La simplicidad no afecta únicamente a la forma de un esquema, sino también a su orientación
espacial. Las dos cruces de Malta son idénticas salvo en su orientación respecto a la armazón
del campo visual. En estas condiciones, la cruz cuyos ejes principales coinciden con las
coordenadas vertical y horizontal del campo visual tiende a ser la figura mientras que la otra es
más frecuente que se desvanezca en el fondo.

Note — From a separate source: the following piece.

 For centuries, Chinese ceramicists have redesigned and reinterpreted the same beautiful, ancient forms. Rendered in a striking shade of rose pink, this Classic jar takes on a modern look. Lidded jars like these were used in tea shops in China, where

Para el Artista reviste particular interés el hecho de que la convexidad favorezca la figura y la
concavidad el fondo. La figura tiende a parecérsenos como un agujero abierto en el plano, a
pesar de que tanto a como b son áreas cerradas y, por lo tanto, con más probabilidades de ser
vistas como figura. Este fenómeno es un tanto variable, según que parte del esquema retenga
la atención del observador. Si mira las protuberancias, a será más claramente un agujero y, b
una mancha sólida sobre el fondo. Suele darse el efecto contrario cuando se fija en los
ángulos apuntados que las separan, porque su angostura es favorable al carácter de figura.
Los ejemplos de la figura también demuestran de forma llamativa que el fenómeno de figura y
fondo no es una mera cuestión de ubicación estática, sino que entraña una diferente […]
“La forma, sea positiva o negativa, es mencionada comúnmente como la ‘figura’, que está
sobre el ‘fondo’. Aquí el ‘fondo’ designará la zona cercana a la forma o ‘figura’. En casos
ambiguos, la relación entre figura y fondo puede ser reversible” Wucius Wong.

1) Fondo blanco y figura blanca, no ocupante, desaparece la figura.

2) Forma blanca sobre fondo negro, la forma es negativa.

3) Forma negra sobre fondo Blanco, la forma es positiva.

4) Fondo negro y figura negra, no ocupante, desaparece la figura.